START DATA BELOW

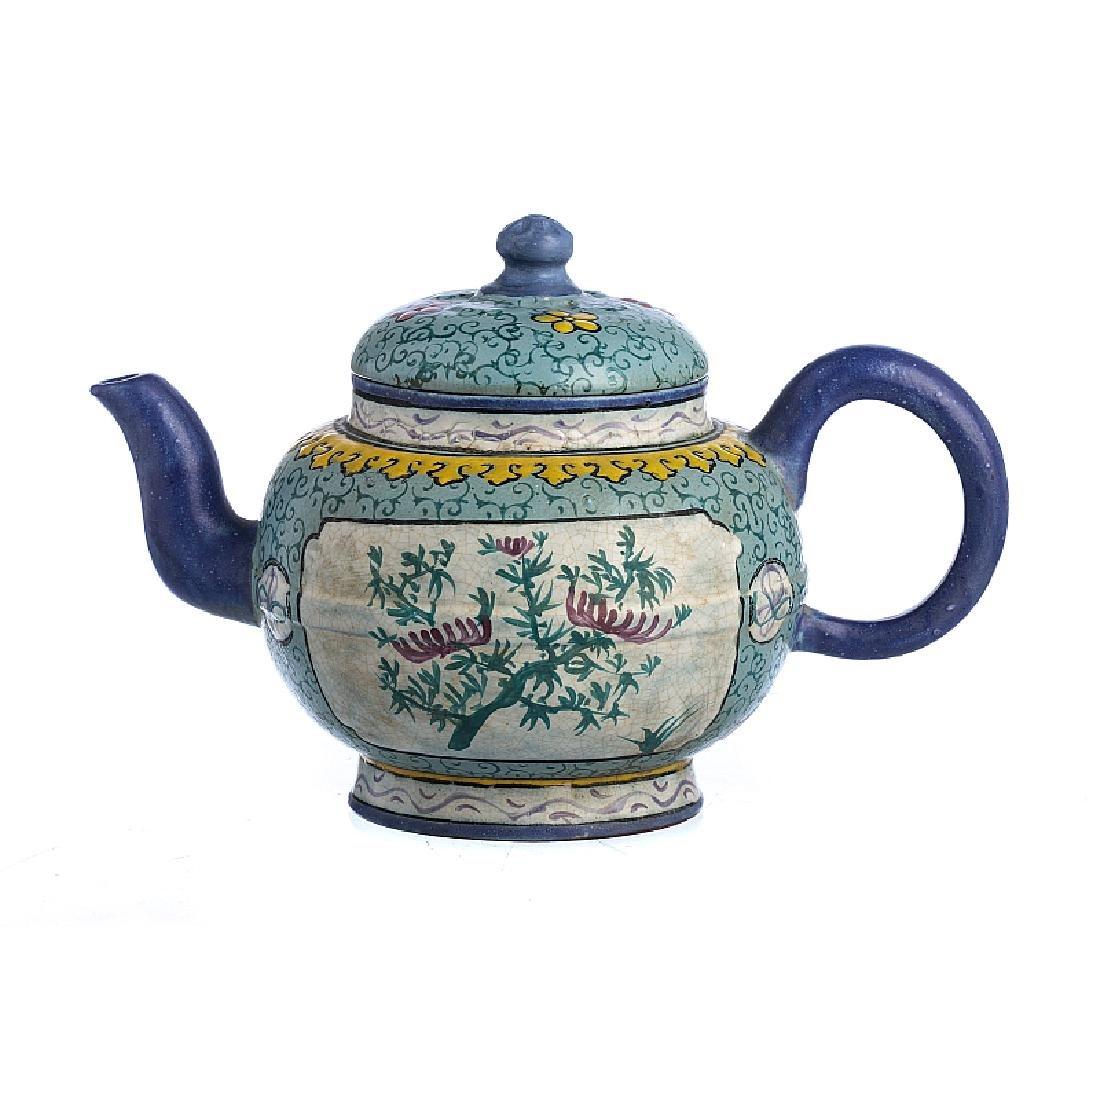 Teapot in Yixing ceramics, Minguo
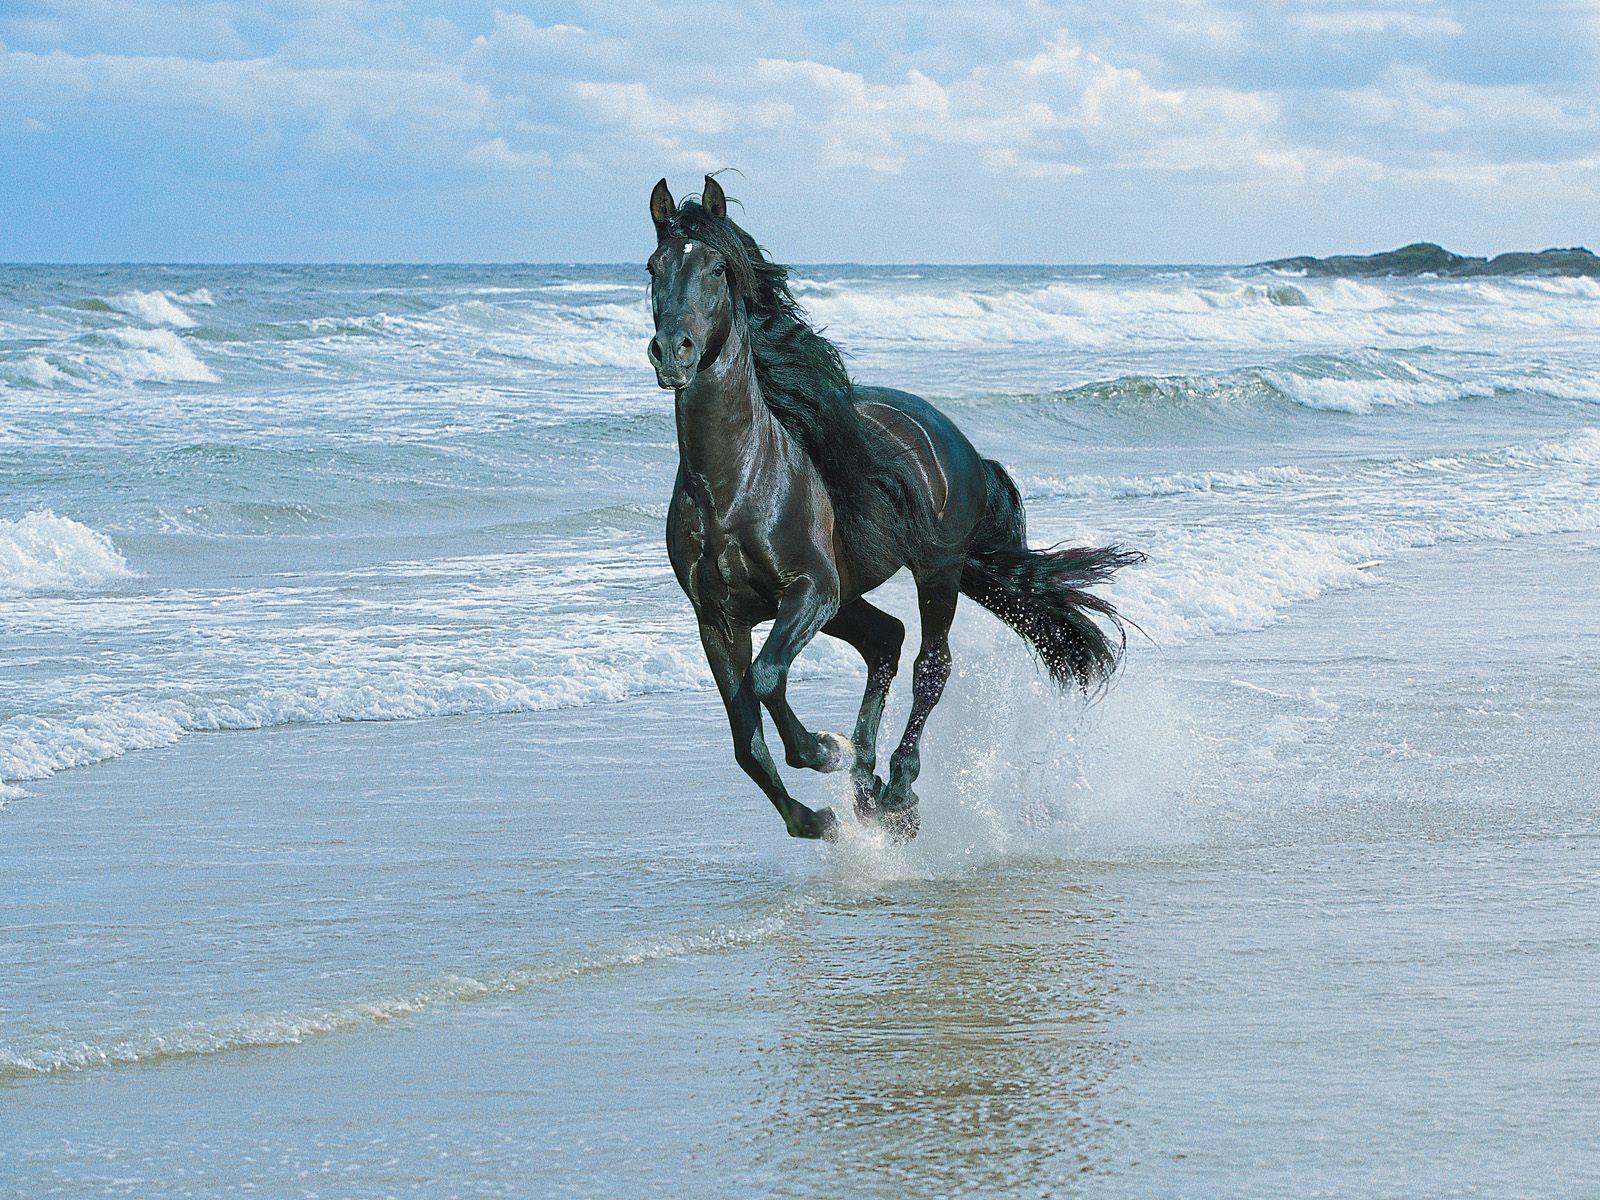 Amazing Black Horse Wallpaper Running Black Horse Hd 1600x1200 Wallpaper Teahub Io
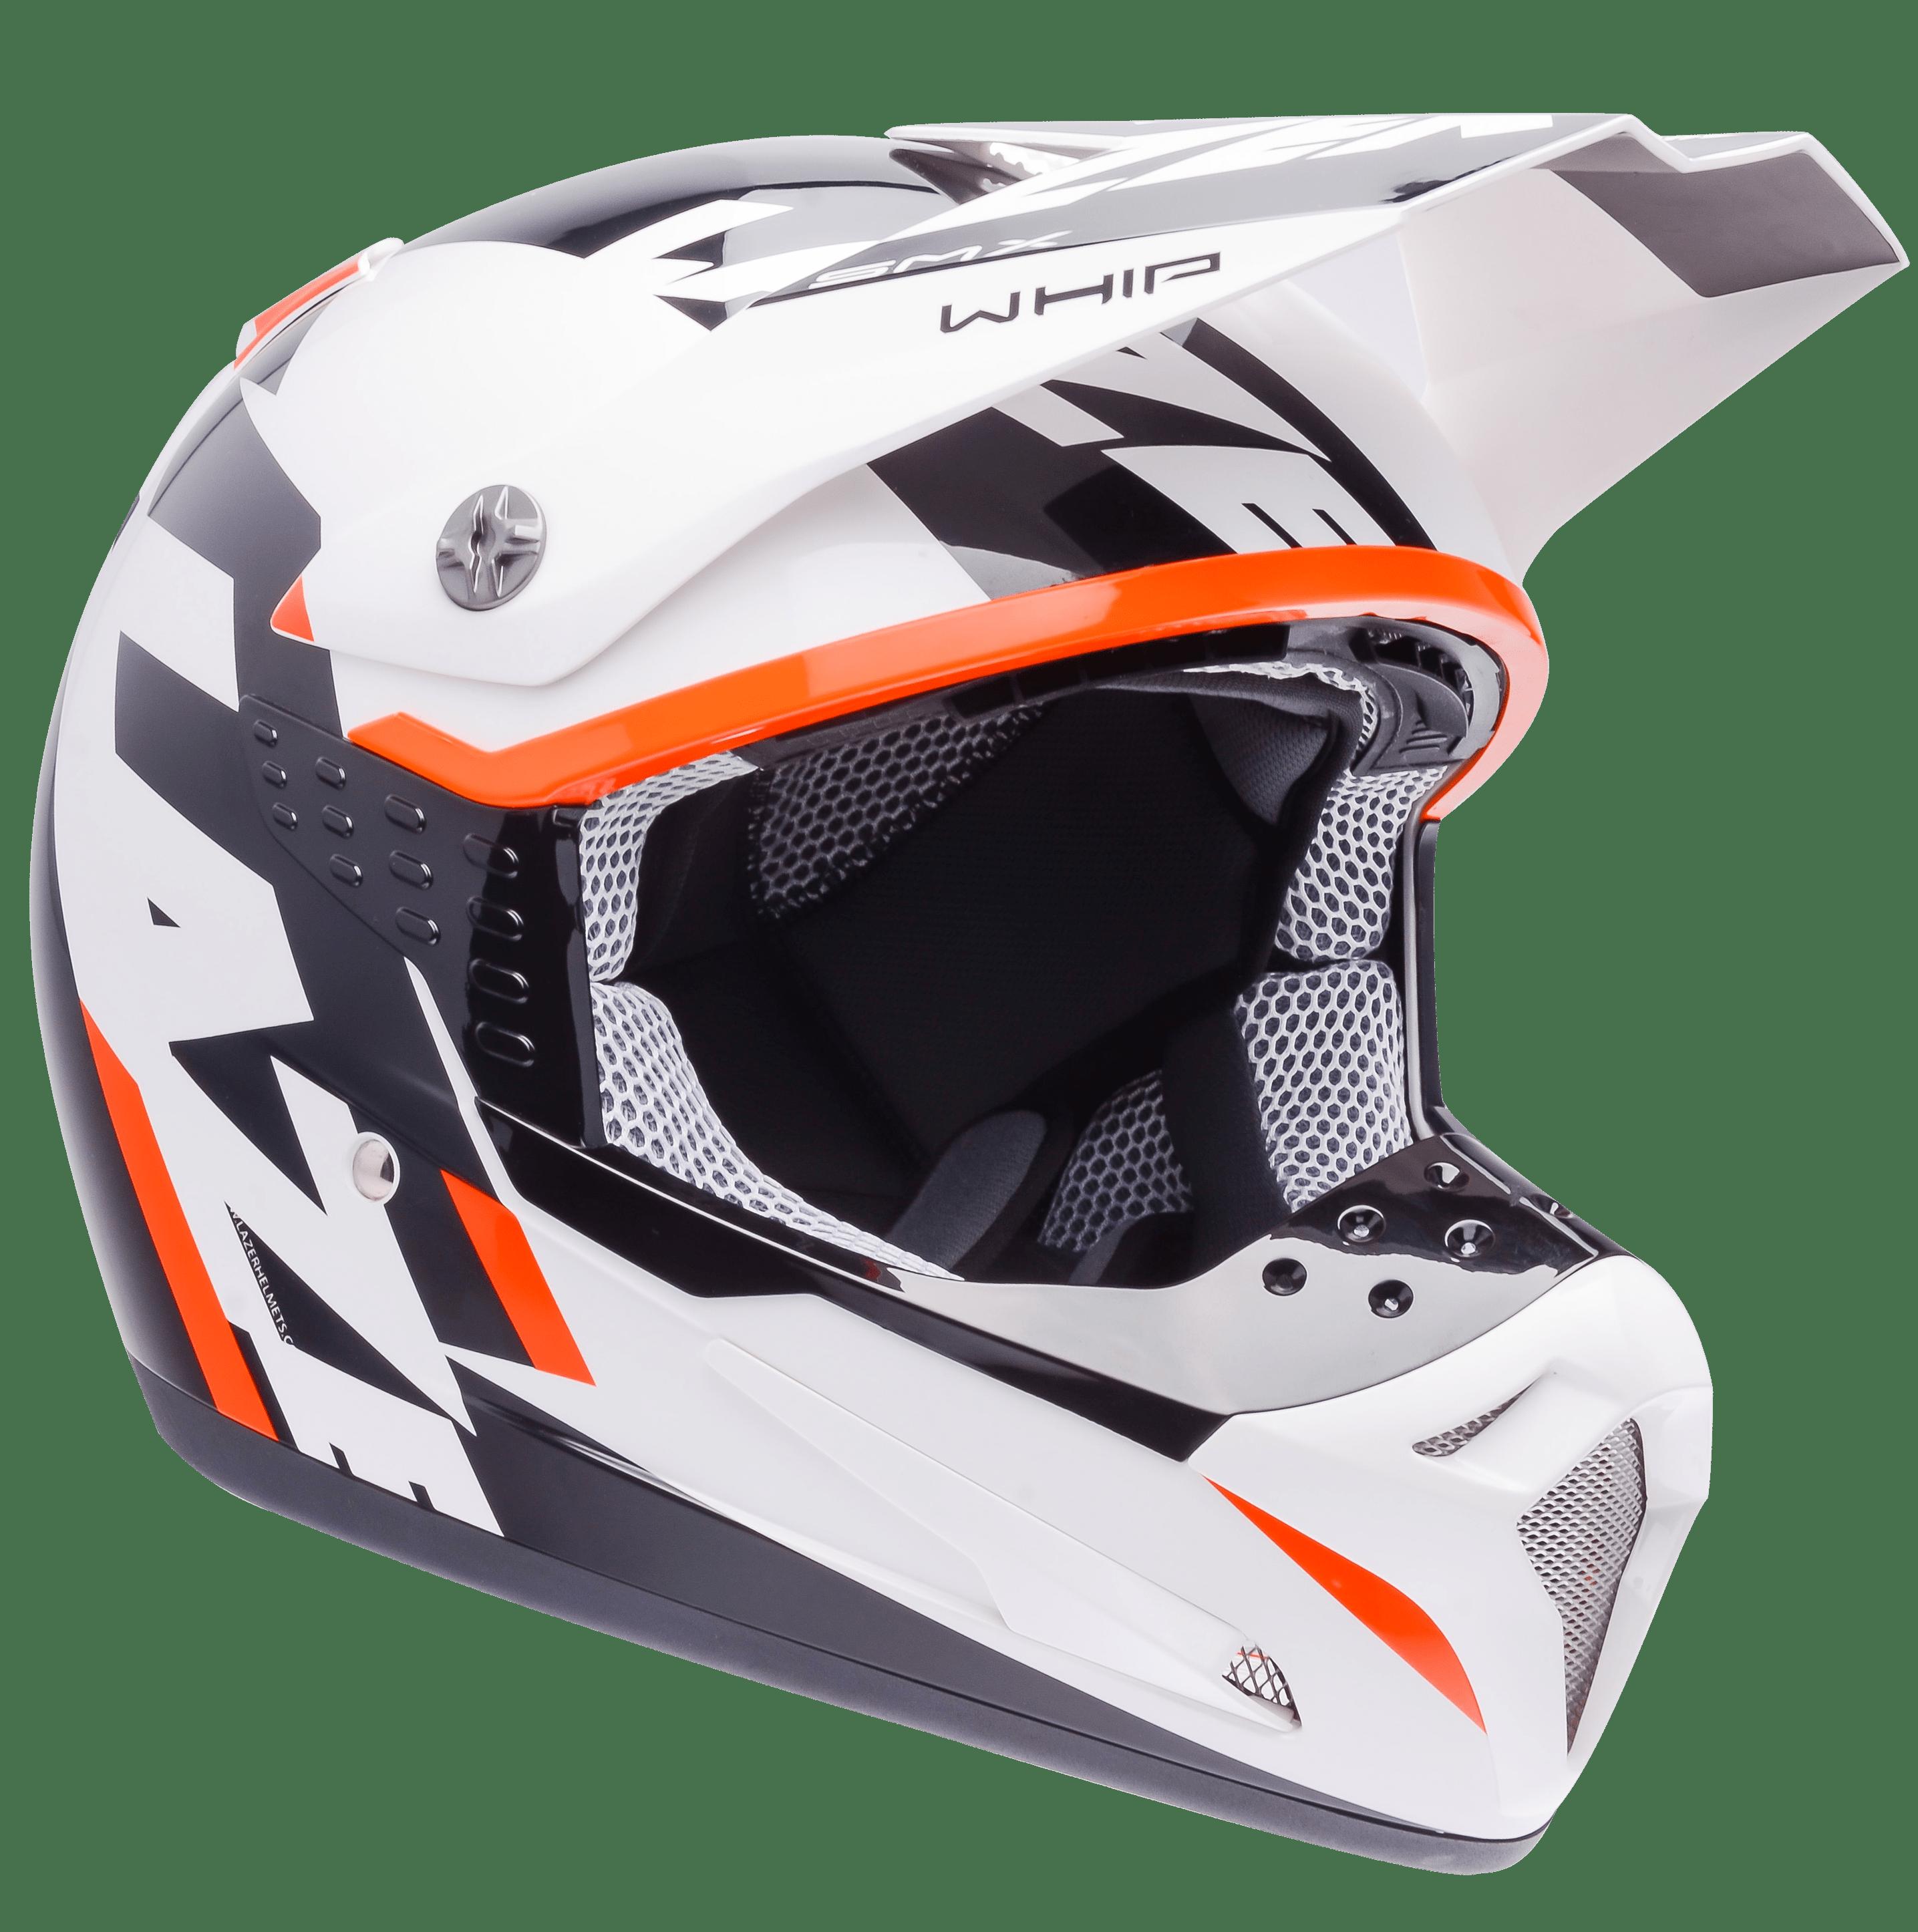 Helmet clipart orange. Motorcycle lazer smx whip

END DATA BELOW

◆ PROBLEM DETAILS
Leaving the pictures aside, copy exactly and only the lines from the one holding "Amazing Black Horse" through the final line of the data, both ends kept.

◆ ANSWER BELOW
 Amazing Black Horse Wallpaper Running Black Horse Hd 1600x1200 Wallpaper Teahub Io
 Helmet clipart orange. Motorcycle lazer smx whip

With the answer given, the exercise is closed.